(Exercise)
For the full listing below, write out each entry exactly and exclude the images.

(Data provided)
┌──
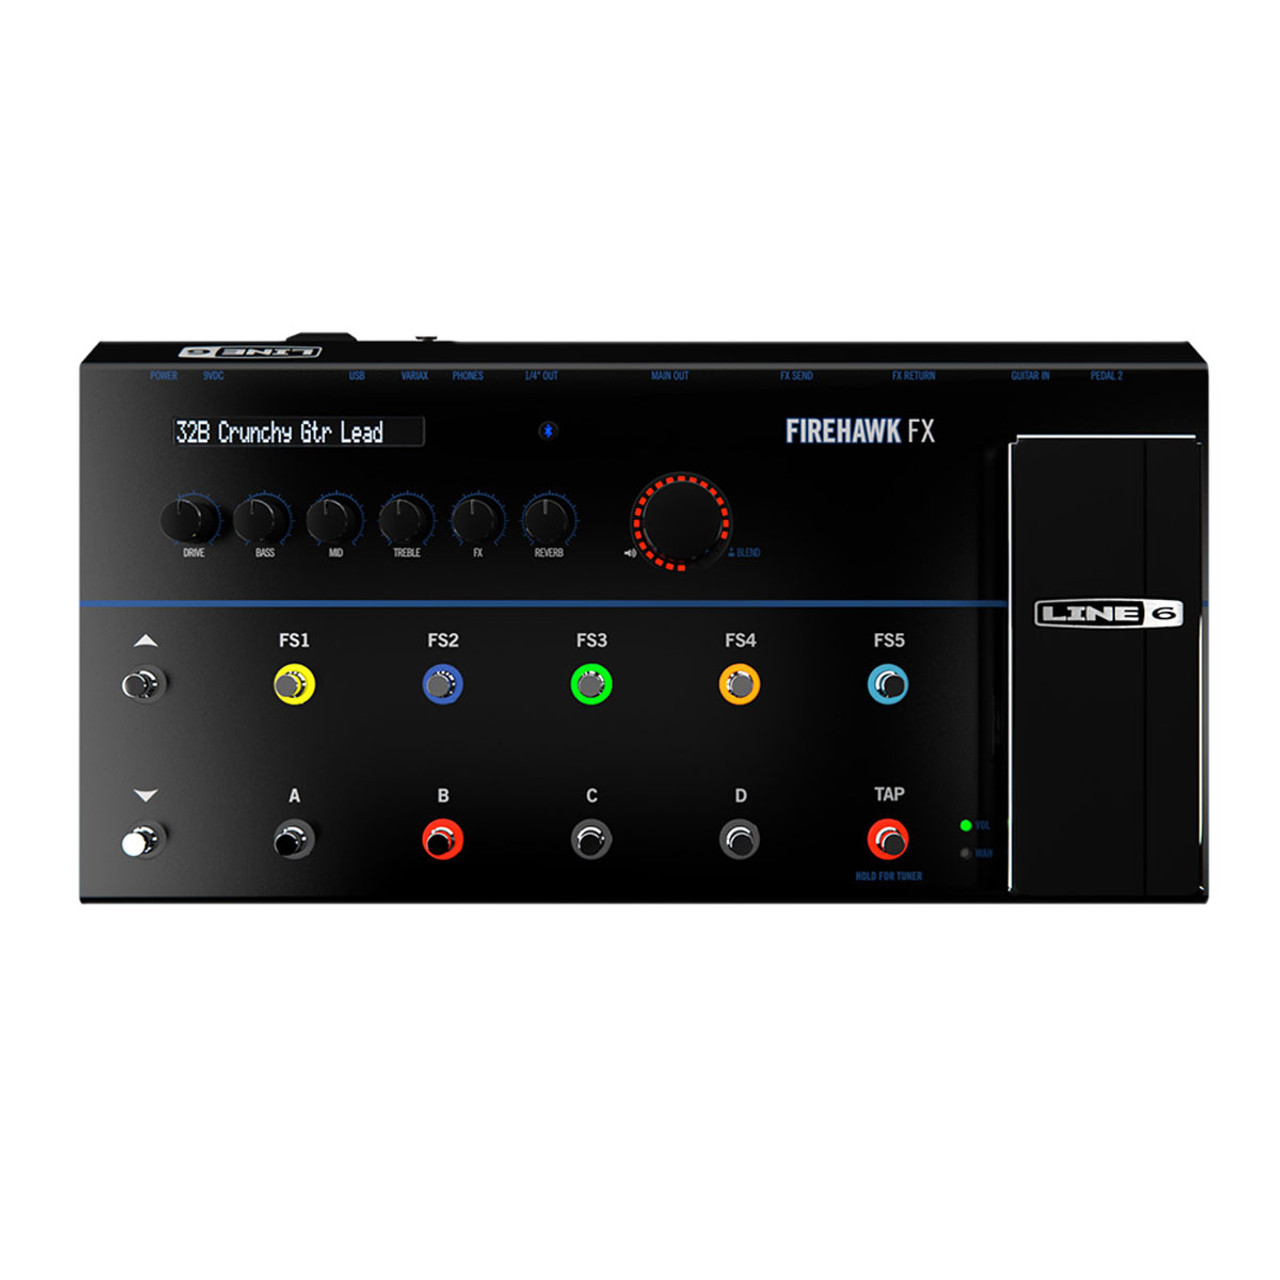 Firehawk FX HD Multi-Effect with iOS/Android App Control - Line 6
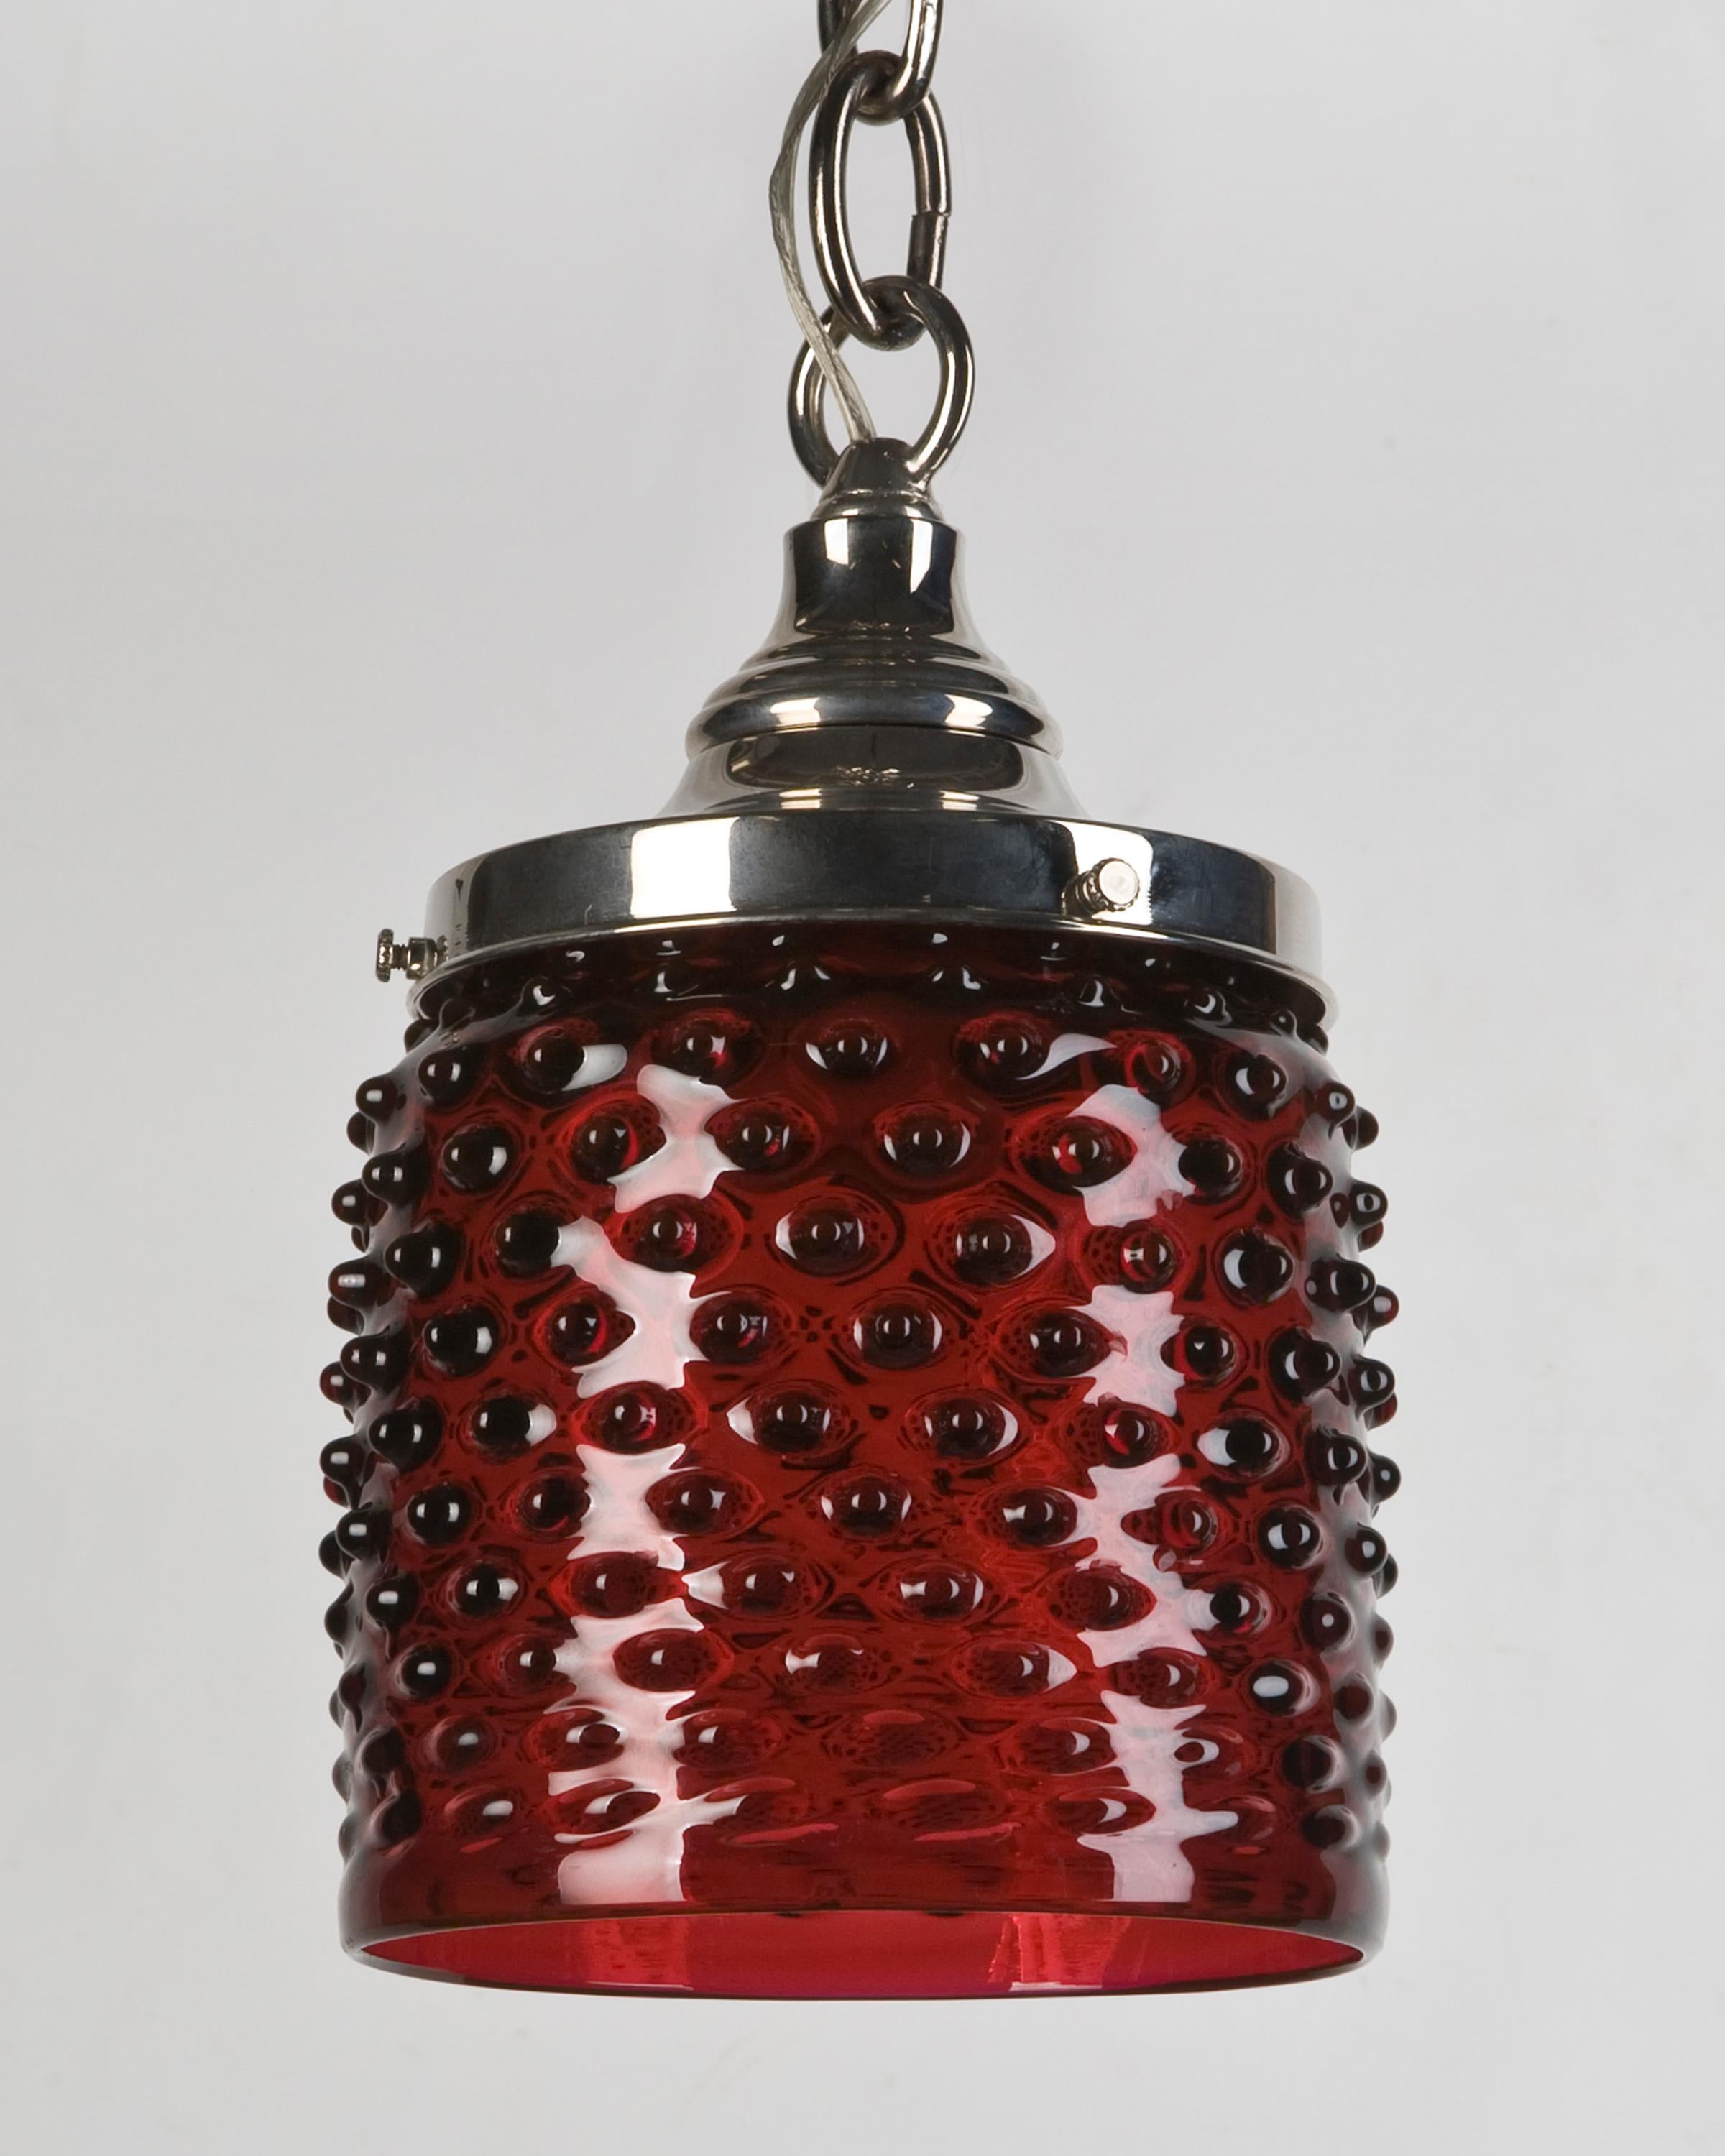 AHL3636
A red hand-blown hobnail-patterned glass cylinder pendant on polished nickel fittings. Due to the antique nature of this fixture, there may be some nicks or imperfections in the glass.

Dimensions:
Current height: 49
└──
(Exercise answer)
 Firehawk FX HD Multi-Effect with iOS/Android App Control - Line 6
 AHL3636
A red hand-blown hobnail-patterned glass cylinder pendant on polished nickel fittings. Due to the antique nature of this fixture, there may be some nicks or imperfections in the glass.

Dimensions:
Current height: 49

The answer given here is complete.